Opponents of the New England Clean Energy Connect are starting to resemble the Black Knight in Monty Python and the Holy Grail. No matter how injuries they suffer in their attempts to block the controversial transmission project, they refuse to quit fighting.

The news desk of Bangor, Maine, TV station WABI5 reported Sept. 17 that NECEC opponents have filed paperwork with the state to begin the effort to get a referendum on the project before Maine voters in 2021 even though it was less than a month ago that their effort to get a referendum on the project on the ballot this November was defeated.

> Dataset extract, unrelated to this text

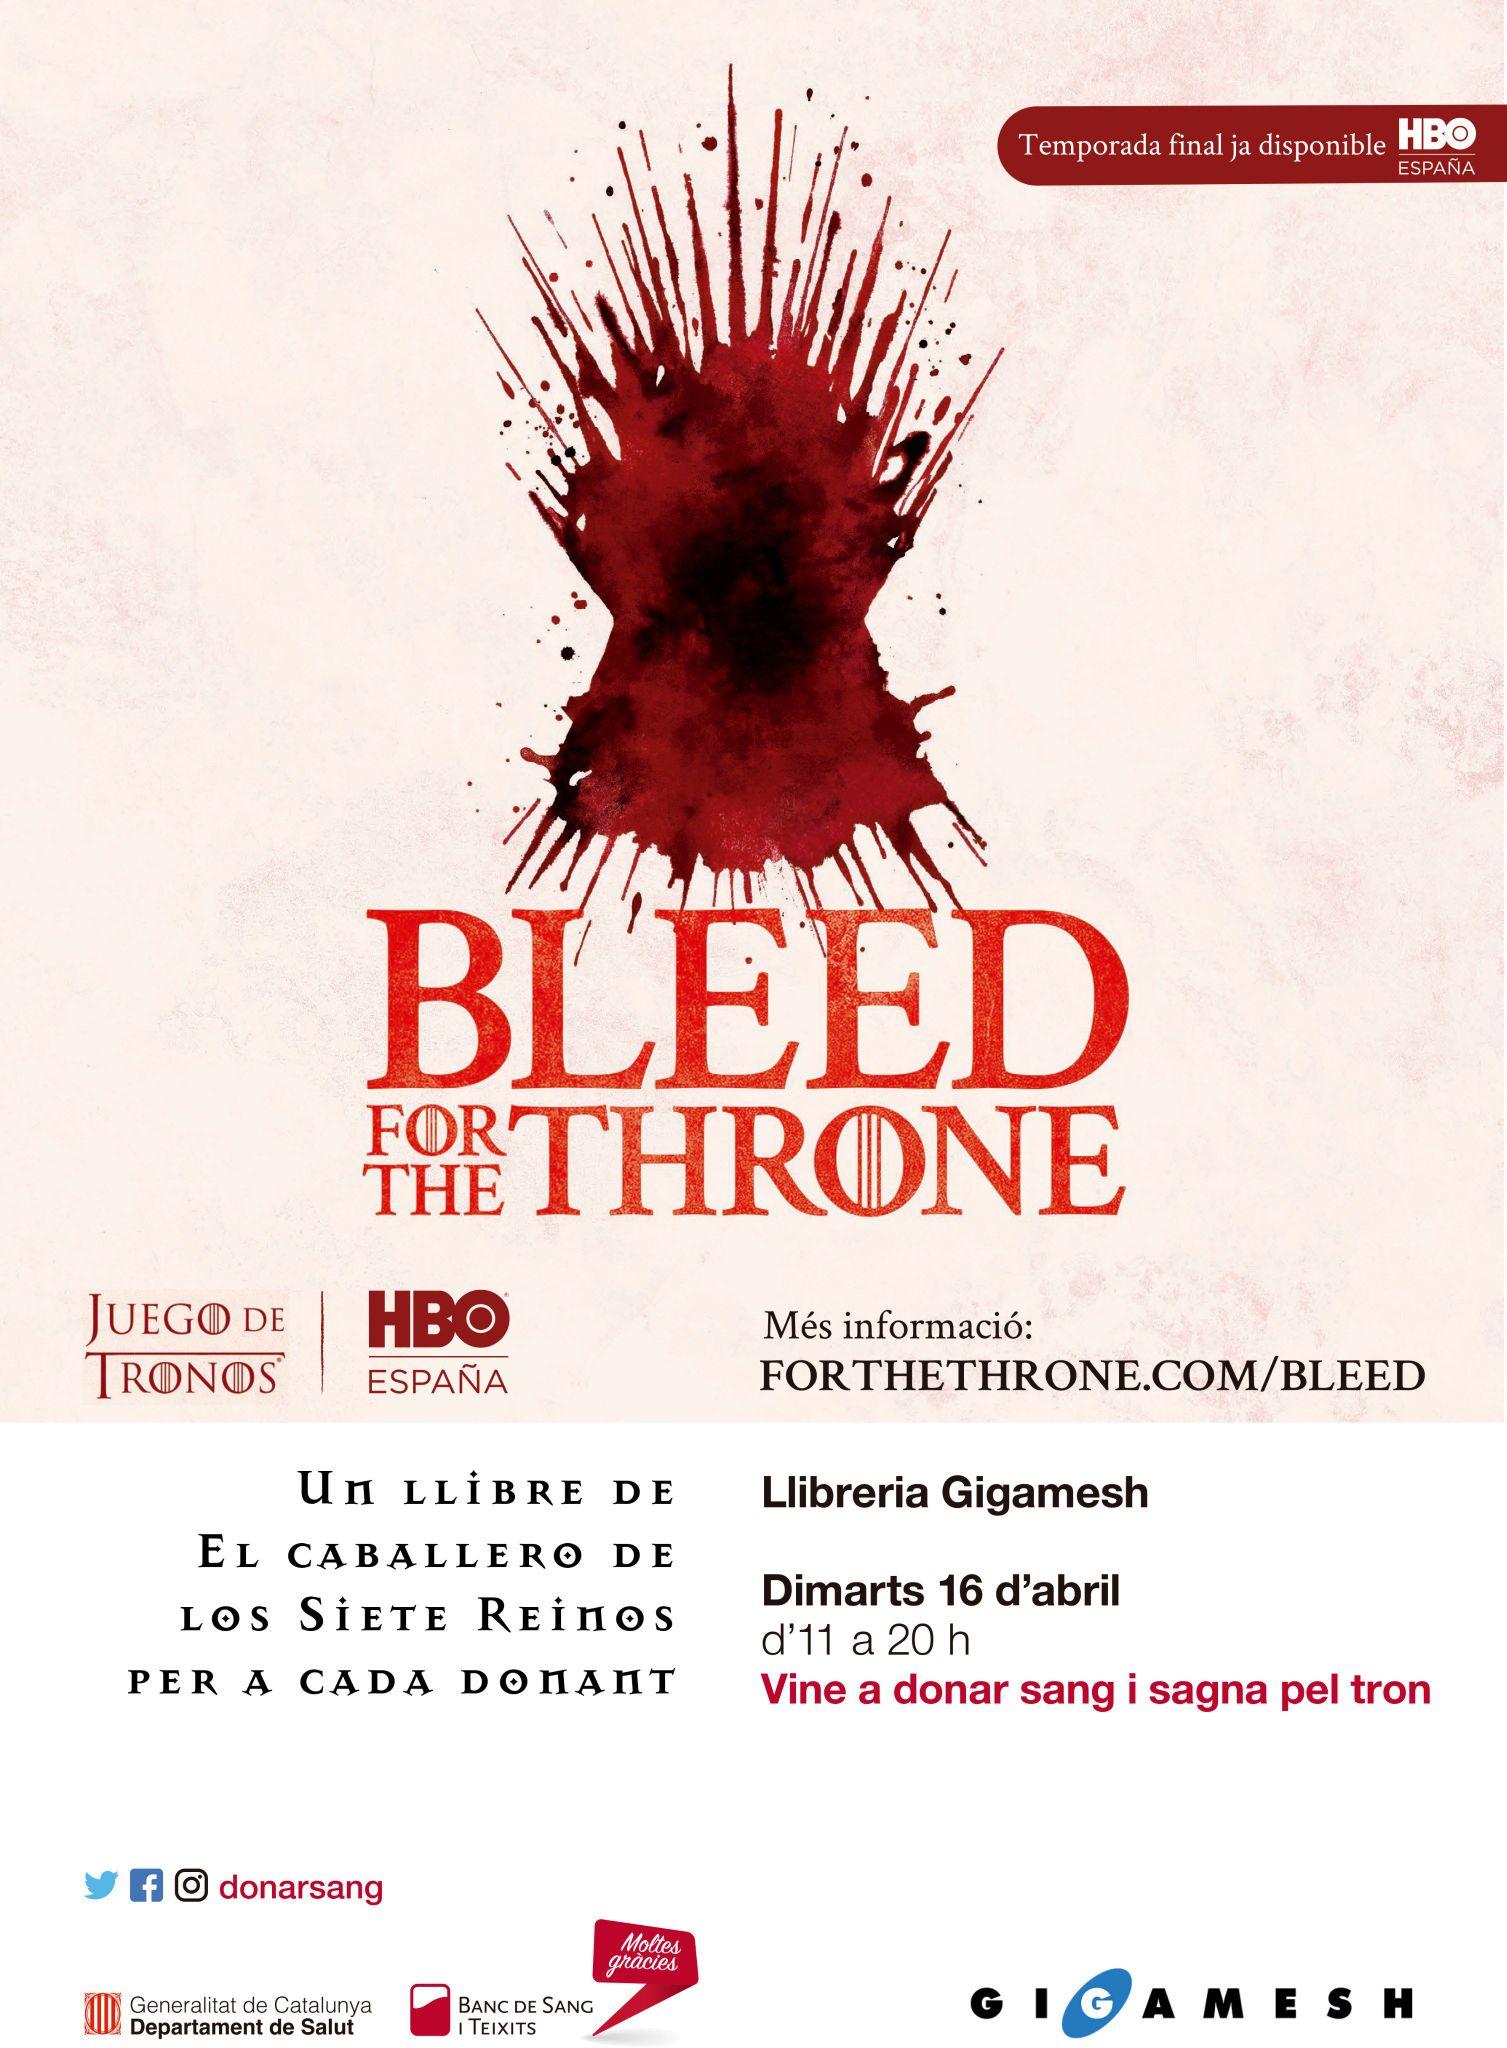 Libro GRATIS Caballero de los siete reinos por donar sangre en Barcelona

NECEC opponents had gathered enough signatures to get the referendum on the ballot but the Maine Supreme Judicial Court ruled on Aug. 13 that it “exceed[ed] the scope of legislative powers” granted to the people by Maine's constitution because it didn't propose legislative action, but instead sought to reverse an administrative decision made by a state commission, namely the Maine Public Utilities Commission, which granted the project a certificate of public convenience and necessity in May of last year.

As reported by The Free Press' Ethan Andrews, that ruling led to Cumberland County Superior Court Justice Thomas Warren on Aug. 21 issuing a declaratory judgment in favor of Avangrid in a lawsuit that the company, which is developing the project, had filed to keep the referendum off the ballot.

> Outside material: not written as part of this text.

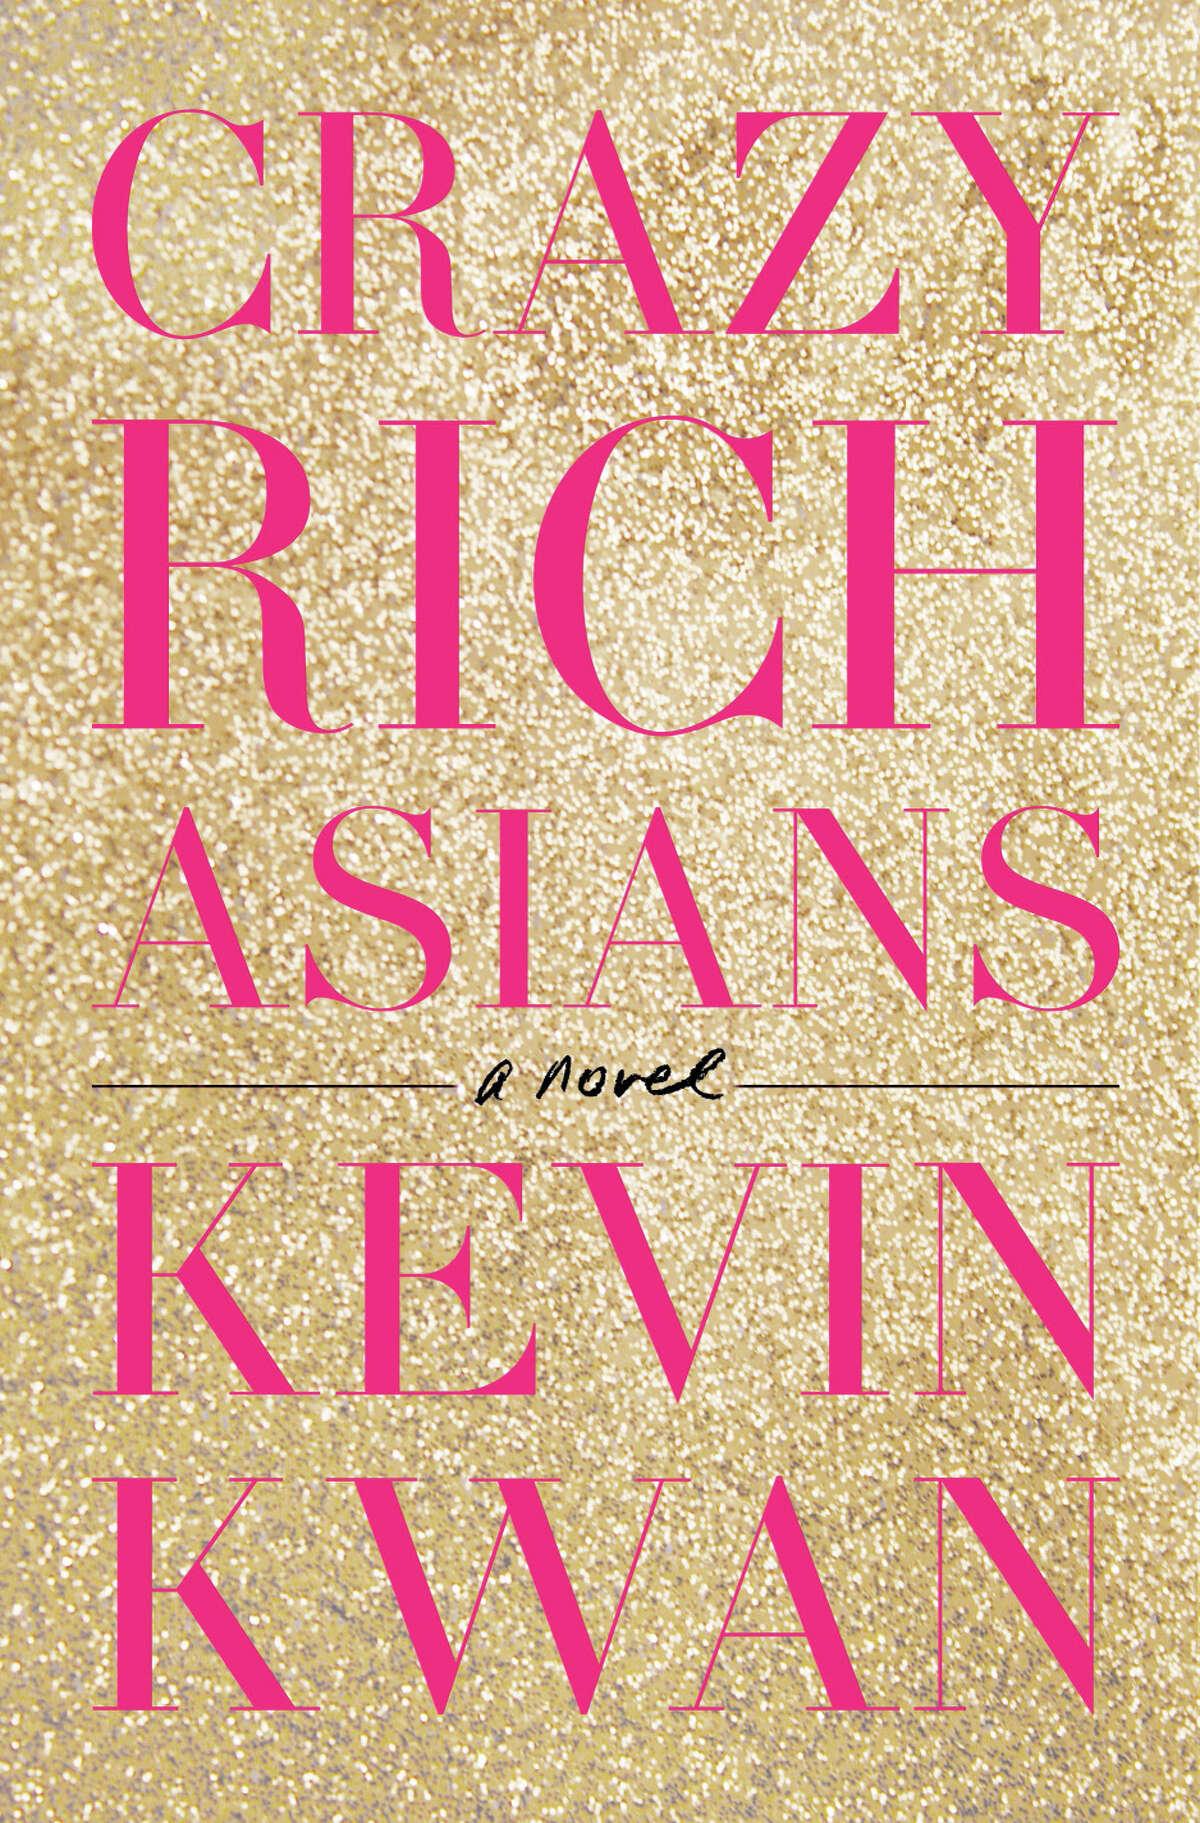 Hardcover Kwan's debut novel.

The NECEC is controversial in Maine because it would require a new 53-mile transmission corridor through forestland and the electricity generated by Hydro-Québec (whose dam is pictured above) that it would bring into the country ultimately would go to Massachusetts consumers.

"The project remains wildly unpopular,” former Maine State Senator and State Representative Tom Saviello, who is leading the effort to get a referendum on the project on the 2021 ballot, told WABI5. "As I have said all along, in the immortal words of American Revolutionary War Hero John Paul Jones, ‘We have not yet begun to fight.’”

And as the Black Knight said after King Arthur cut his arms off in Monty Python and the Holy Grail: "It's just a flesh wound."